Additional theater department productions and Center for the Arts performances will be featured on the Center for the Arts website.
By Nathan Pugh, Arts & Culture Editor
Over the summer, the primary producer of University student productions, Second Stage, decided to suspend their upcoming fall season of shows.
“We know for many students this is hard to hear, but we feel as though suspending our season is the only way we can adequately work to address both our negligence, specifically towards BIPOC theater-makers, and the structures that give and maintain our power within the community,” staff members wrote in a letter on June 25. “This decision was further affirmed by all the potential risks we anticipate on campus in the Fall due to the global pandemic.”
This followed up an announcement on June 13, in which Second Stage staff members stated: “We pledge to uplift the voice and art of BIPOC Wesleyan students, to educate ourselves on the work that needs to be done to better this student-run organization, and how to learn and truly listen to how every single person, especially BIPOC, engages with us and why.”
A diversity committee was also created with four staff members.

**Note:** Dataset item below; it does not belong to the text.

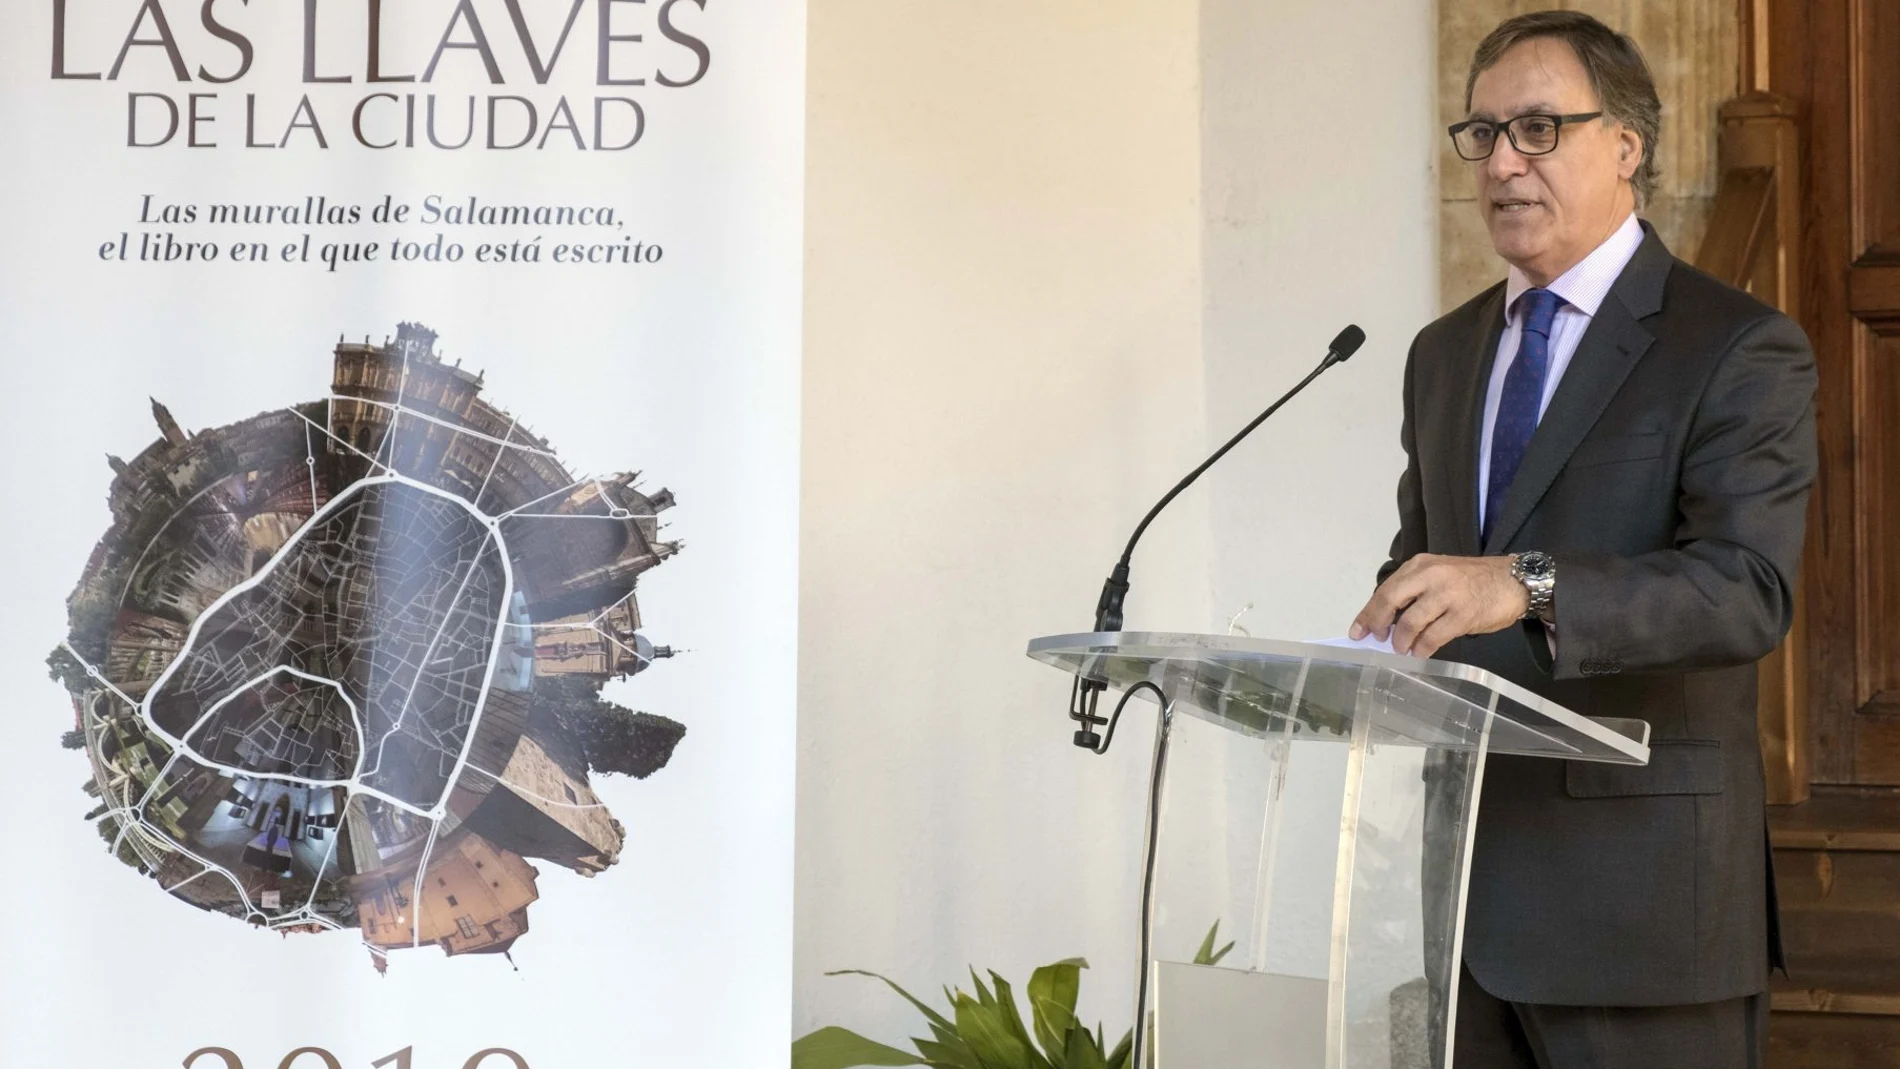 El alcalde de Salamanca, Carlos García Carbayo, presenta el programa «Las Llaves de la Ciudad»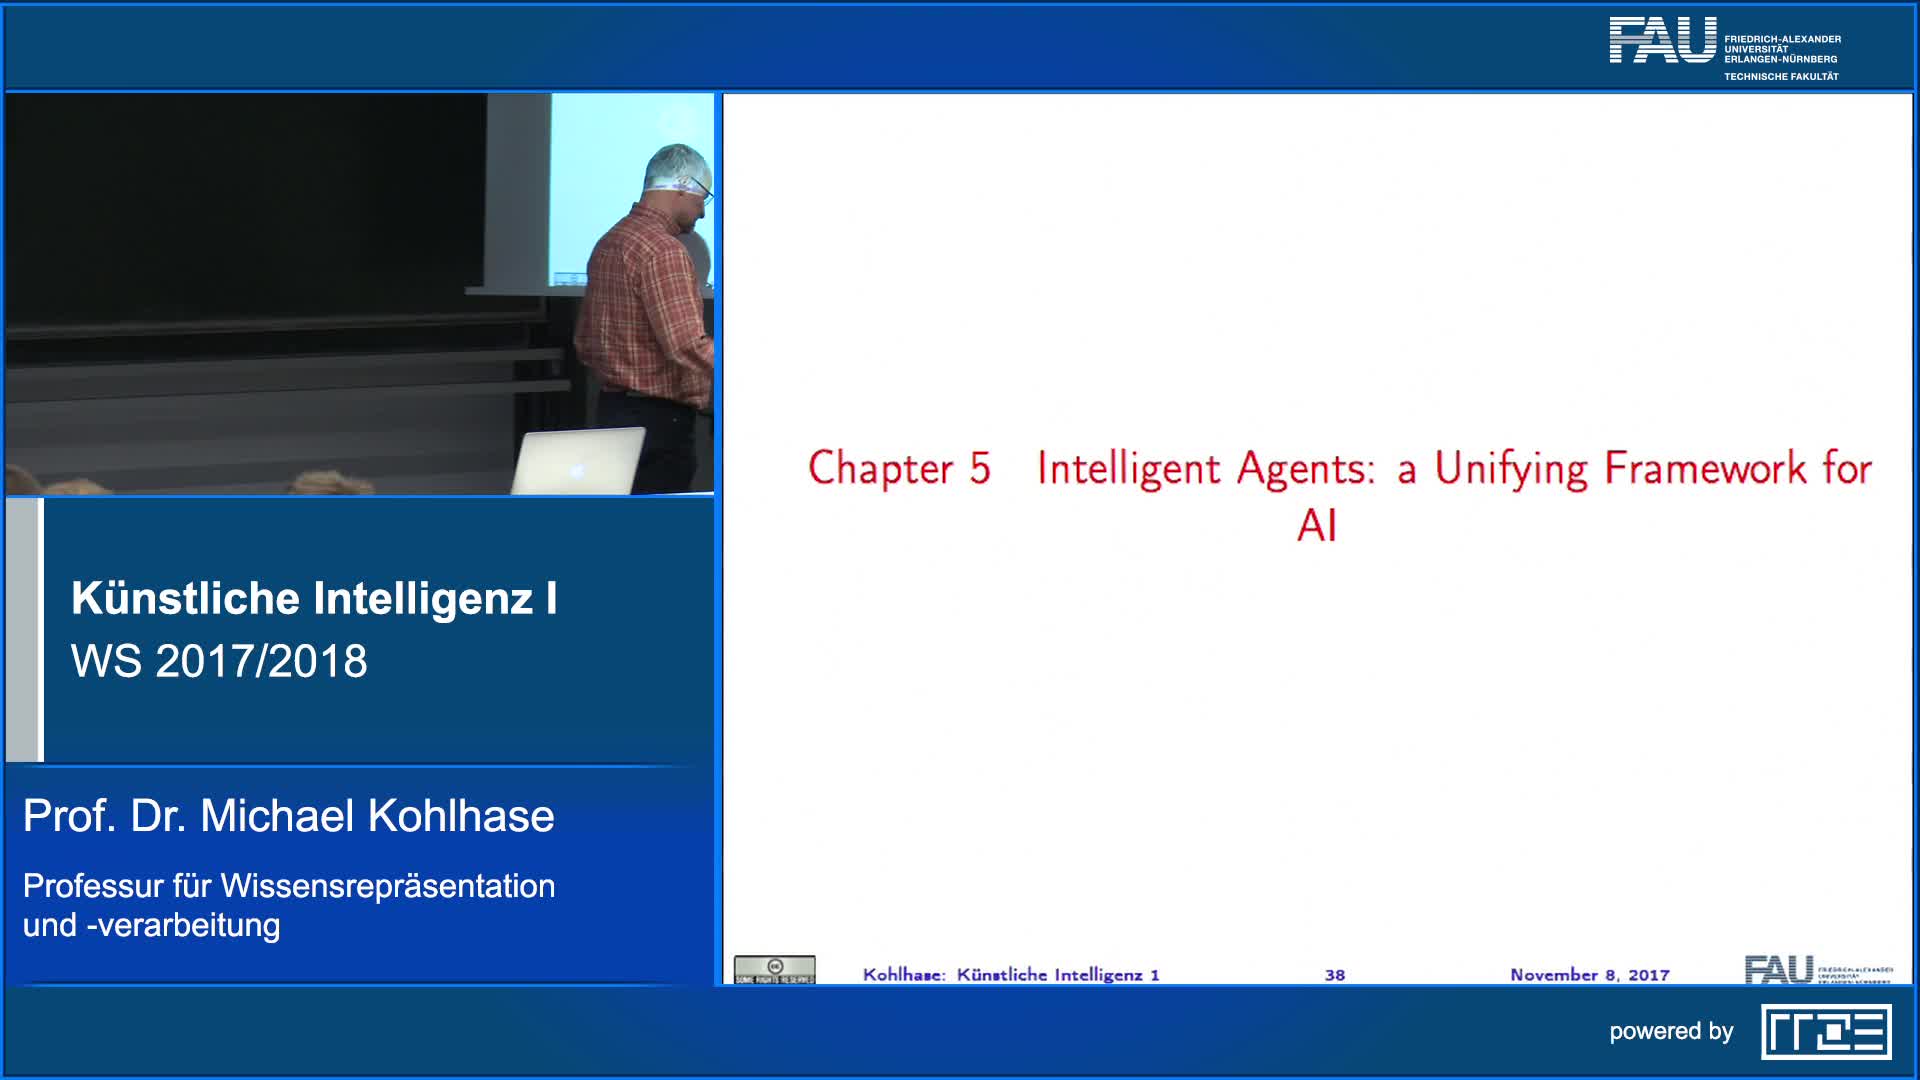 Künstliche Intelligenz I preview image

When reached out to for comment, Second Stage Managing Liaison Abigail Crystal ’21 stated that Second Stage would participate in virtual club fairs this semester.
The Shades Theater Collective, a student organization that seeks to provide platforms, discussions, and productions specifically by and for students of color, is running this semester. They will be leading a virtual “Speed Dating” event to meet Shades board members on Friday, September 4, at 8 p.m., as well as an “Interest Meeting” on Thursday, September 10, at 4:30p.m.